╭─ DATA SEGMENT

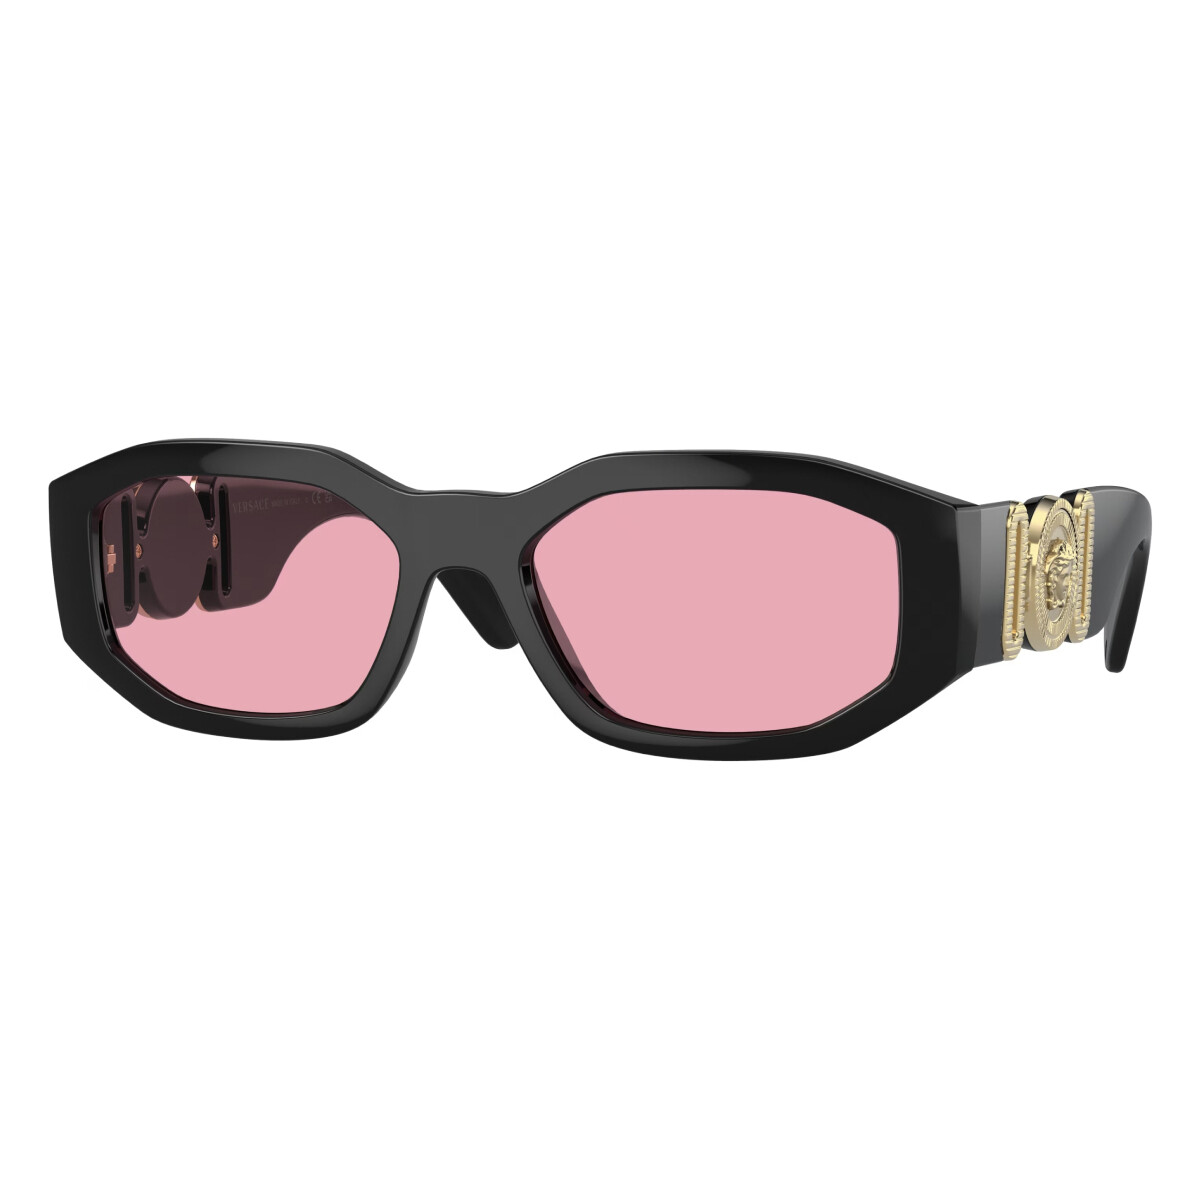 Orologi & Gioielli Occhiali da sole Versace VE4361 Occhiali da sole, Nero/Rosa, 53 mm Nero
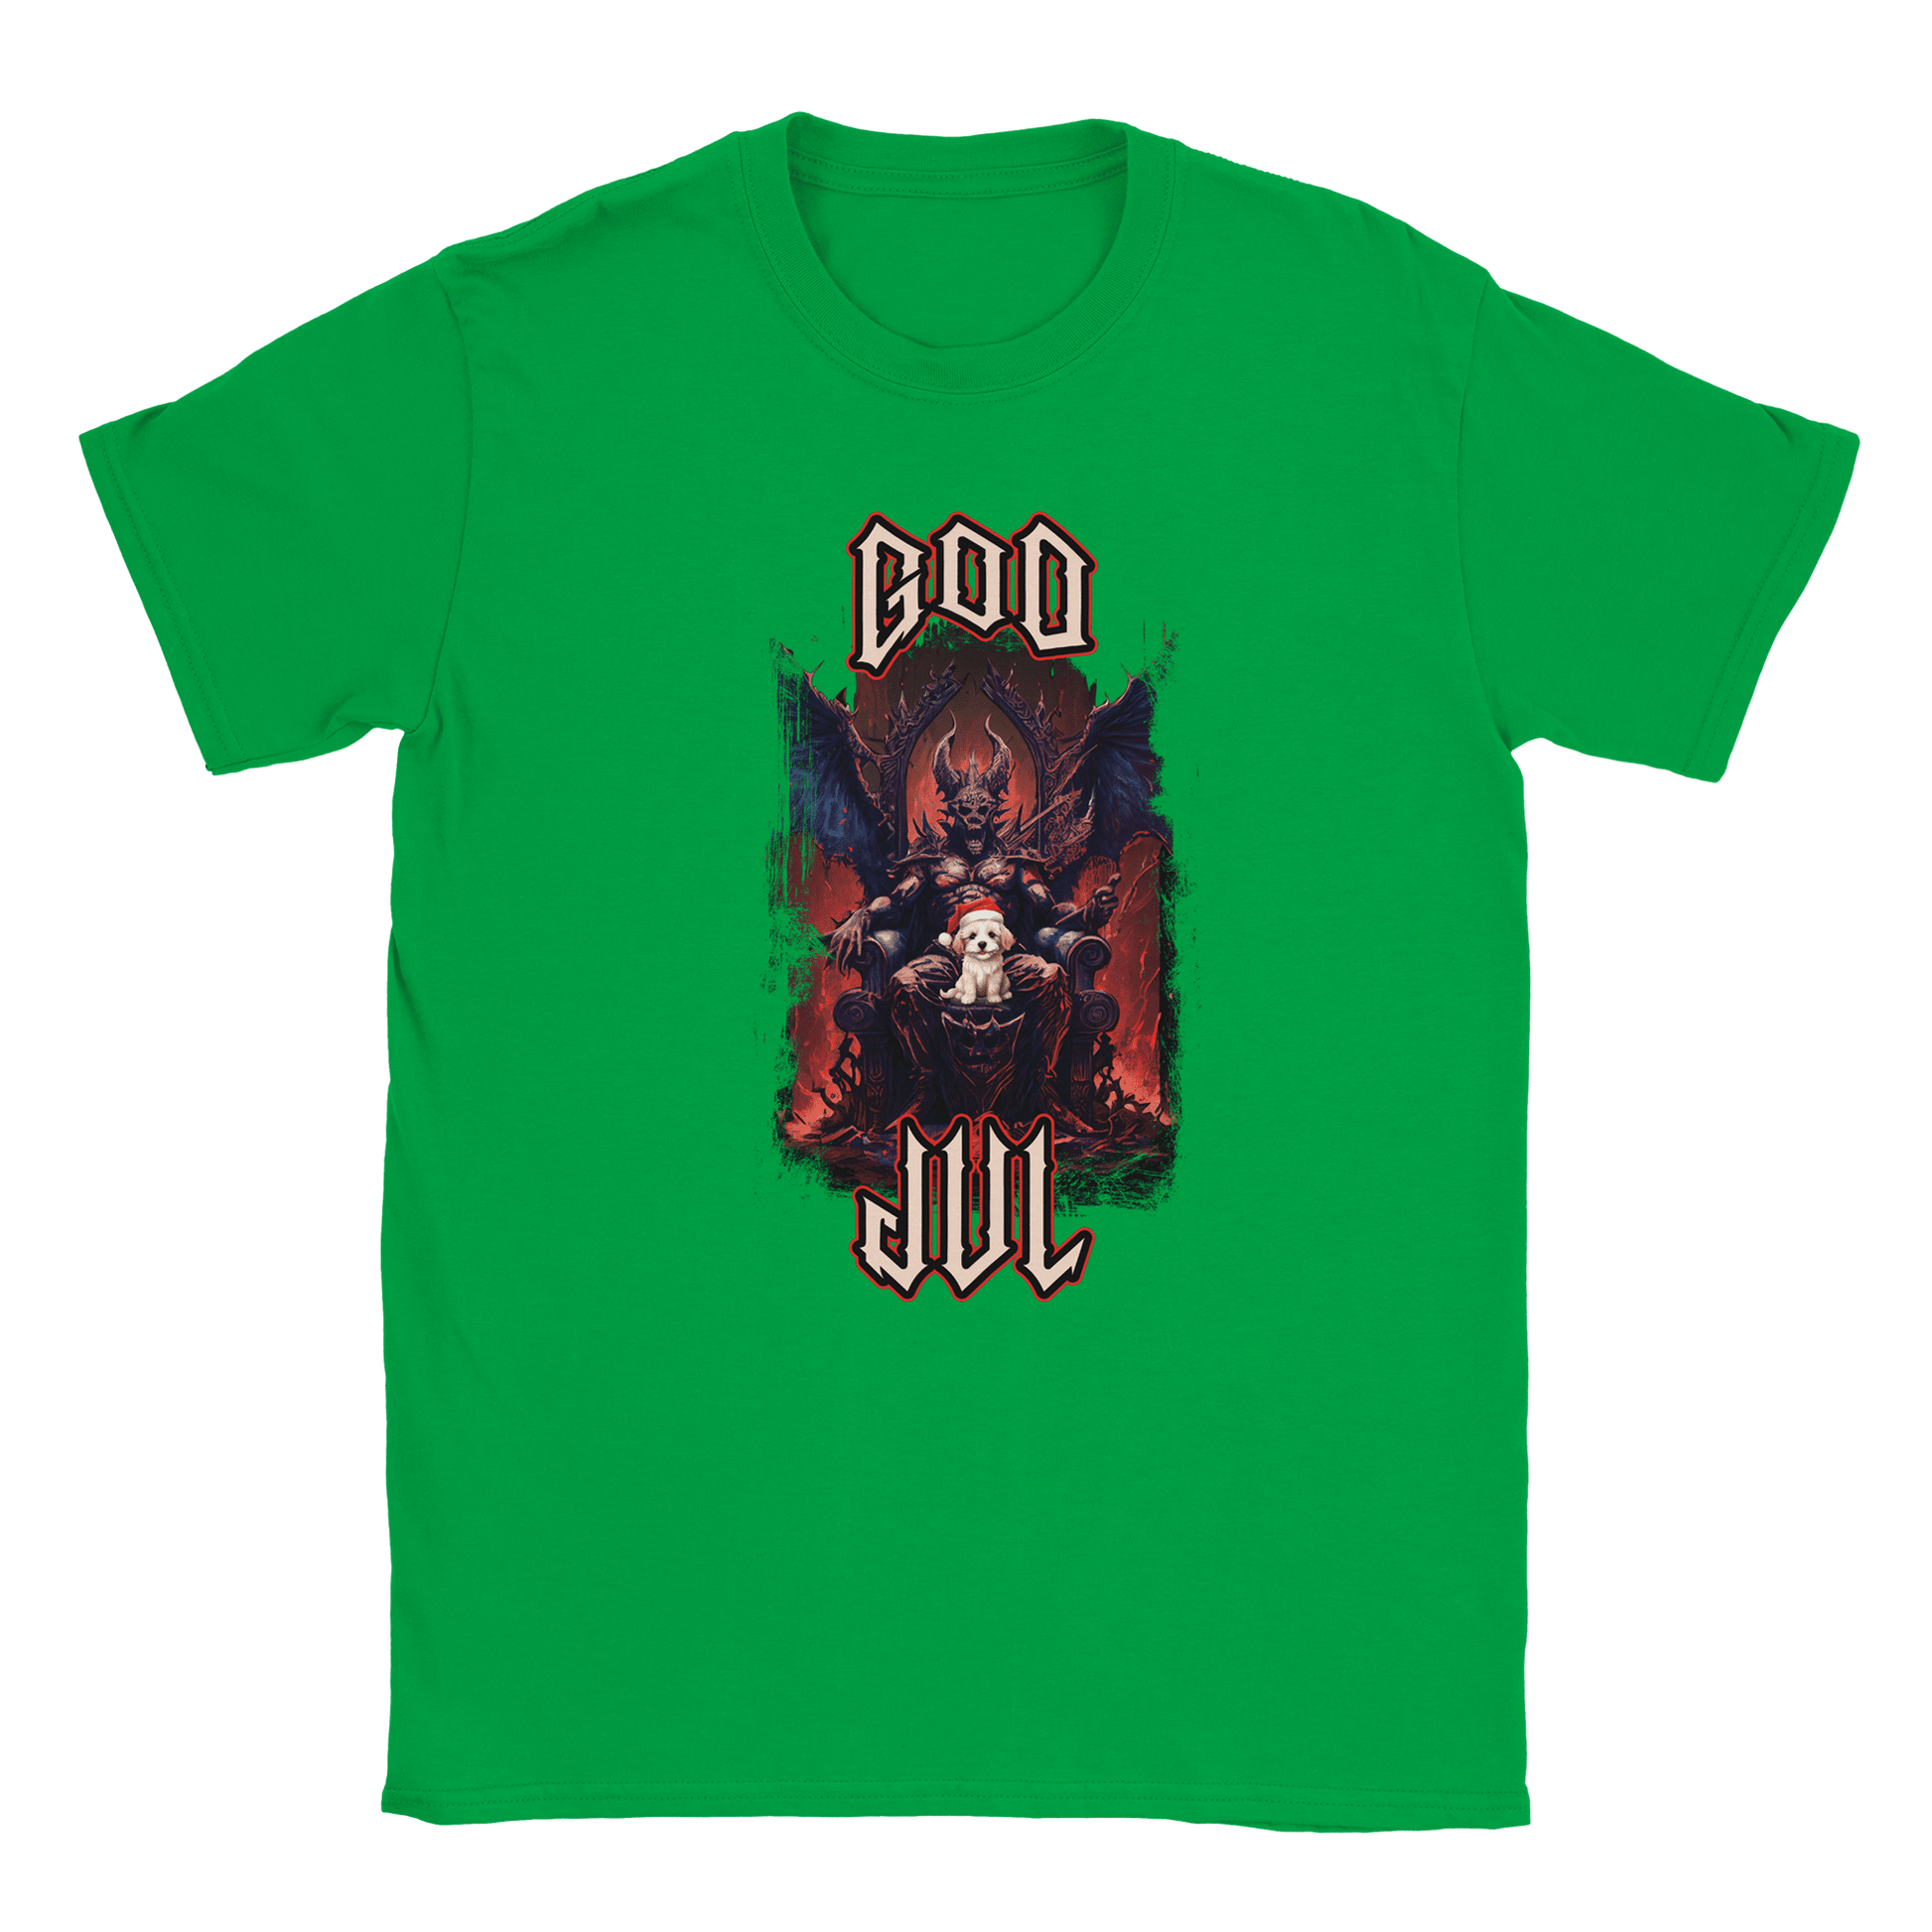 God Jul häftig hundvalp - T-shirt Grön
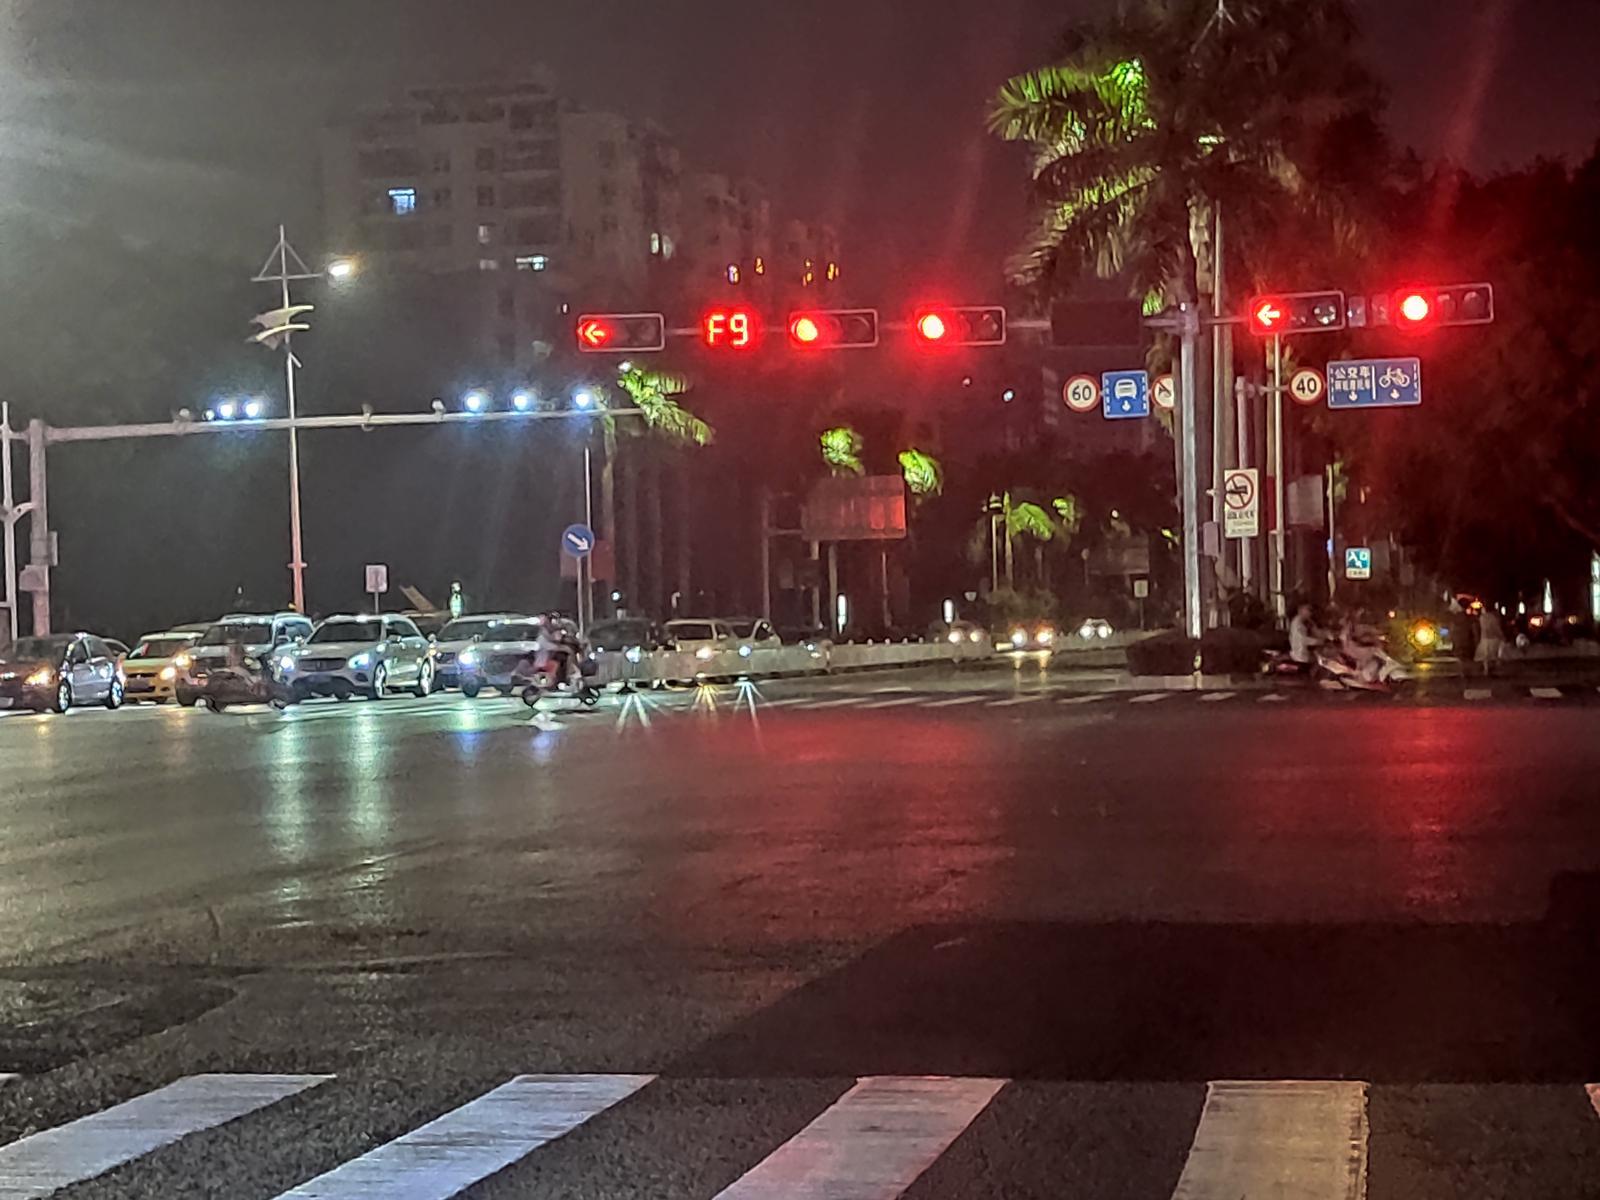 红灯路口照片图片

╰─

_EXERCISE DESCRIPTION_: Reproduce the listing above exactly, but skip the pictures.

_ANSWER BOX_:
 Orologi & Gioielli Occhiali da sole Versace VE4361 Occhiali da sole, Nero/Rosa, 53 mm Nero
 God Jul häftig hundvalp - T-shirt Grön
 红灯路口照片图片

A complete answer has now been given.